UFM Service Unreachable from UTM
From inside the UTM pod:
kubectl exec -n ufm-enterprise deploy/<ufm-release>-plugin-utm -c utm -- \ python3 -c "import urllib.request, ssl; \ print(urllib.request.urlopen('https://<ufm-release>/ufmRest/app/ufm_version', \ context=ssl._create_unverified_context()).read().decode())"

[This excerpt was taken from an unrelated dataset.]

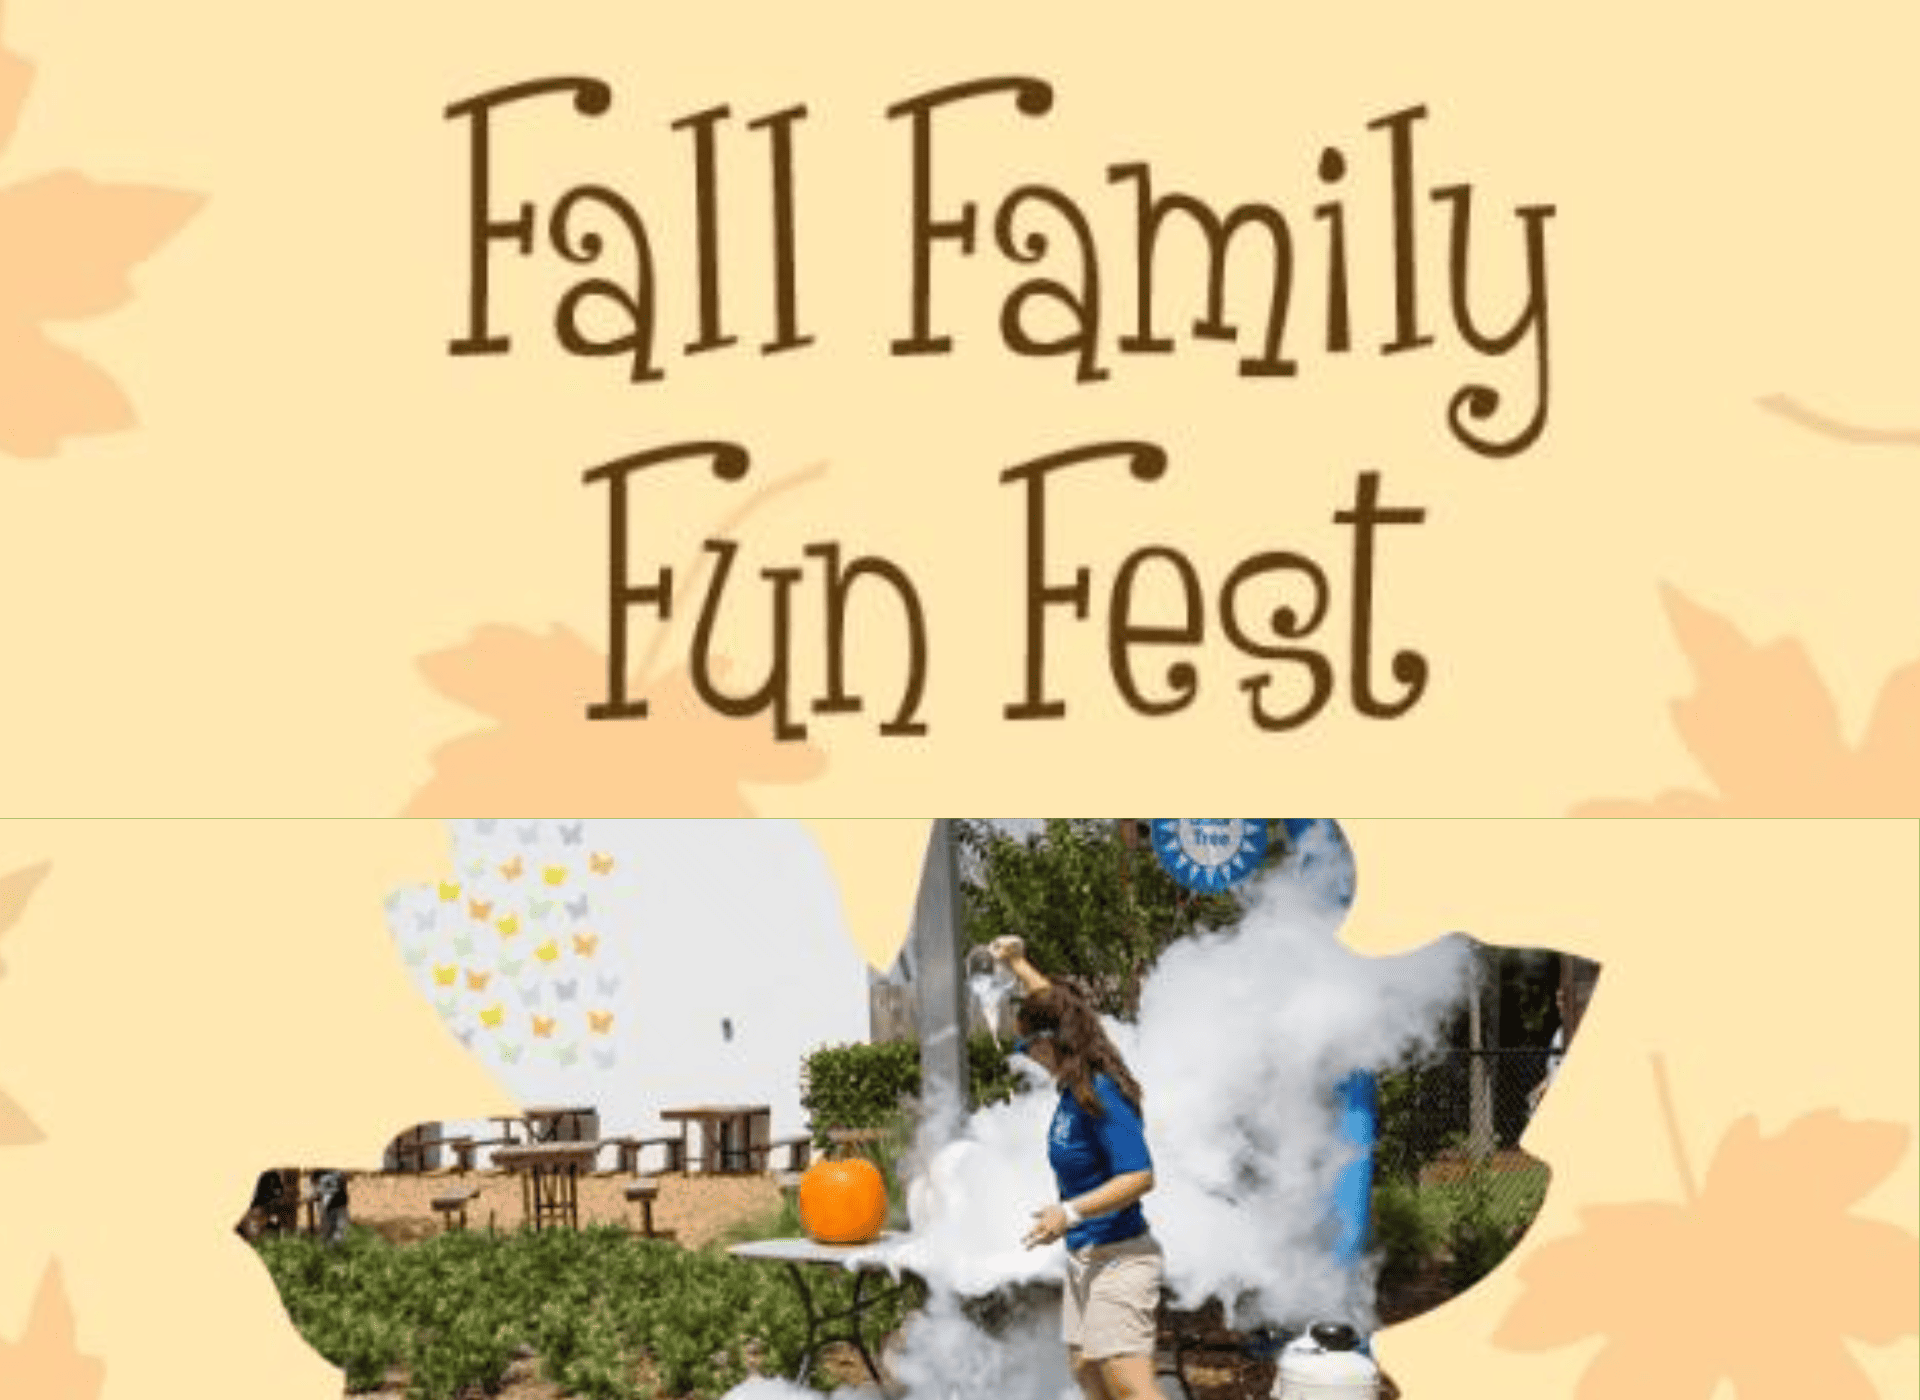 Cox Science Center and Aquarium - Fall Family Fun Fest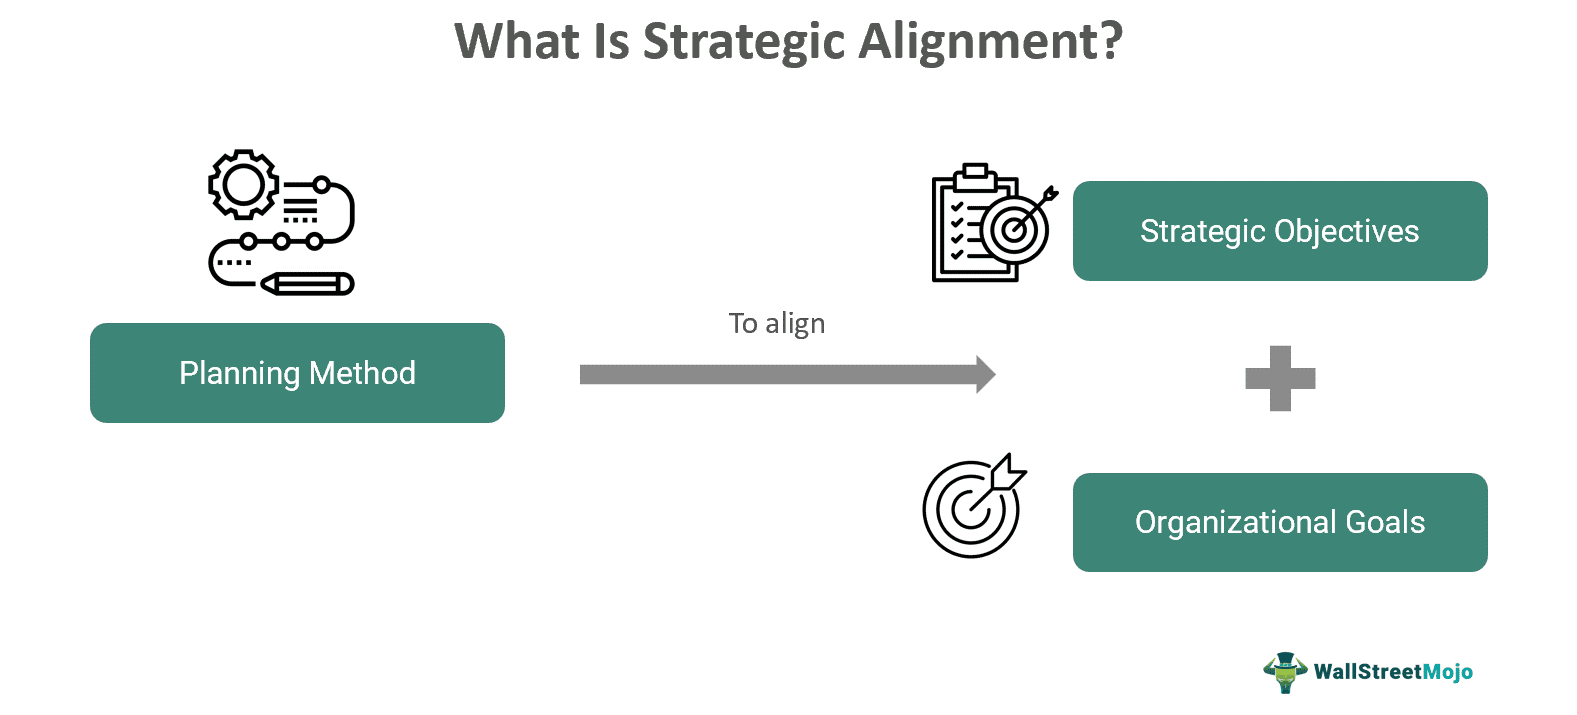 Horizontal Vs Vertical Strategic Alignment

If this fails, the UFM Service name in [ufm] ufm is wrong, or the UFM pod is not Ready. Confirm:
kubectl get svc -n ufm-enterprise kubectl get pods -n ufm-enterprise -l app.kubernetes.io/name=ufm-enterprise
Known Limitations
-
Changes to
UTM_CONFIG_OVERRIDESafter first install are ignored until the marker is reset. This is intentional —/configis treated as operator-owned state after the first init. -
UTM image upgrades do not re-seed
/config. If an upgraded image ships new defaults or adjusts Kubernetes invariants, reset the marker and restart the pod. -
ClusterIP-only telemetry endpoints. Ports 9001–9010 are reachable from within the cluster. External monitoring tools need a NodePort or Ingress in addition; this is not covered by this guide.
-
No automatic token rotation. Tokens are long-lived. Rotate periodically by following the procedure in Rotating the Token.
-
Cross-reinstall persistence requires
reclaimPolicy: Retain. WithDelete, the PVC is wiped onhelm uninstall, and the nexthelm installstarts with an empty/config. -
K8S deployment- UTM (UFM Telemetry Manager) deployment on Kubernetes is supported only in non-XDR environments. Deploying UTM on Kubernetes in an XDR environment is not supported in this release.